If we use geoscience as a component of the ecosystem and use it as either a surrogate for ecosystem or mapping a component of the ecosystem, you have a conceptual basis to spring off into using this type of mapping towards the aims of the second focus.
Gerry was kind enough to mention the display we have up here. We are adopting an approach which is recommended by LOICZ in trying to establish a typology and, essentially, to use advanced algorithms for processing Landsat data to map the coastal zone of Australia. One of the initiatives in the coastal policy that Gerry mentioned is to provide a coastal atlas for Australia which will be a digital updateable thing. So hopefully our initiatives are moving along the tracks mapped out by LOICZ. We would be more than willing to share our experience and gain from any experience of others by comparing approaches.
Professor Bruce Thom: Thanks, Bob. Just to comment briefly on your first point, I am well aware of various attempts to obtain the support and information and assistance of CSIRO and AGSO and others, but the difficulty that I see, particularly from a state and local government perspective is the increasing difficulties that they have in the funding base that they have to place priorities on getting that support. The New South Wales Government looks like it will terminate its agreement with CSIRO to continue the funding there for New South Wales greenhouse scenario information. Certainly, local governments are increasingly under pressure to continue their interest in these areas. So that is where a lot of the difficulties lie. They are the ones who are making the decisions in many cases.
Stephan, did you wish to comment further on this?

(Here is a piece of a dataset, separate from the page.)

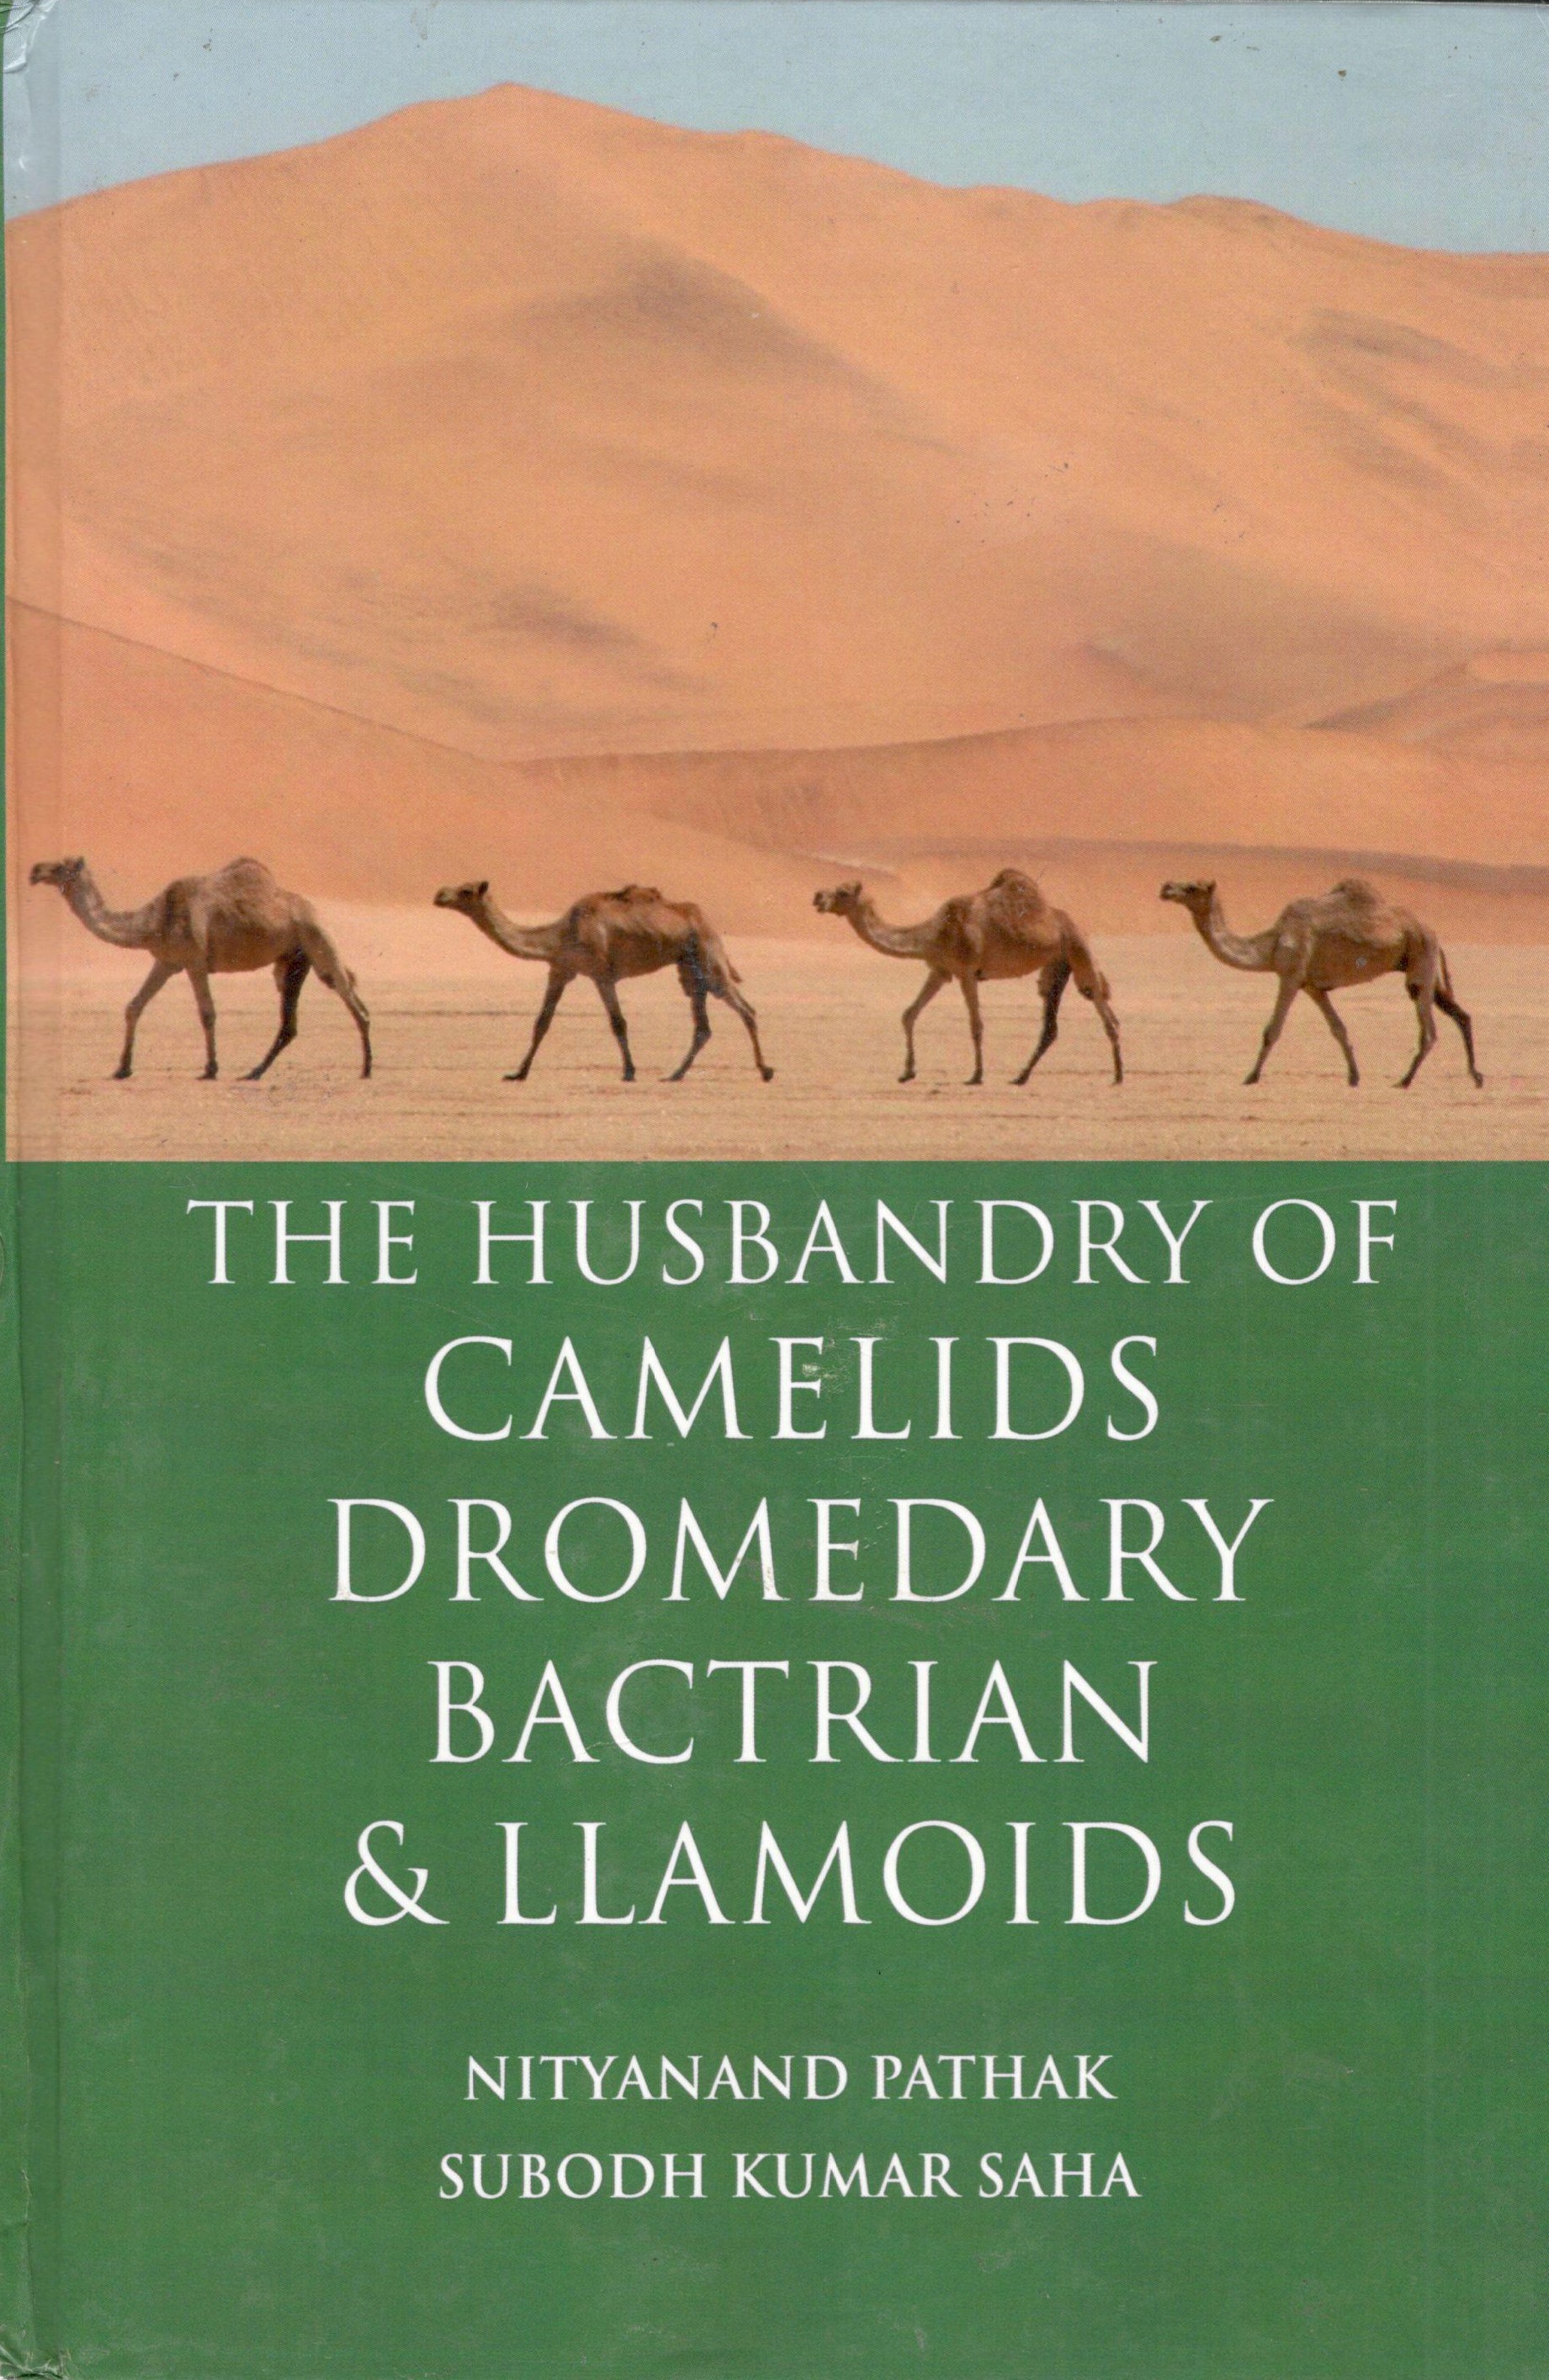 The Husbandry of Camelids Dromedary Bactrian & Llamoids

Dr Stephan Kempe: Where does the alkalinity in the ocean come from? That is a really interesting question. Here is an example of the alkalinity field of the North Sea. You see in the corner you have high alkalinities. At first we thought it was a river input but, if you extrapolate that to zero salinity, you get too high an alkalinity signal. So I think this is the emanation of the alkalinity produced by sulphate reduction and the bottom sea sediment which are exactly in this corner. That may also apply to any mangrove sediment system where alkalinity is leaking out and thereby replenishing your system.
Then we have what I call an 'alkalinity pump system' which currently only operates to a large scale in the Black Sea, a little bit in the Santa Barbara basin and some other anaerobic basins, where you have sulphate reduction which produces additional alkalinity which in part, due to the iron which extracts some of the HGS, can leak out of this basin, thereby producing alkalinity and pumping it back to the ocean system which has previously been taken out by calcium carbonate formation and therefore, maybe on longer time scales, closing this loop. At this point we do not quite understand the process.
Professor Bruce Thom: Thank you very much. I think we will close this session at this point. If we could be in a position to return to session 3 at half past one after lunch. John Chappell will then take over the chairing role.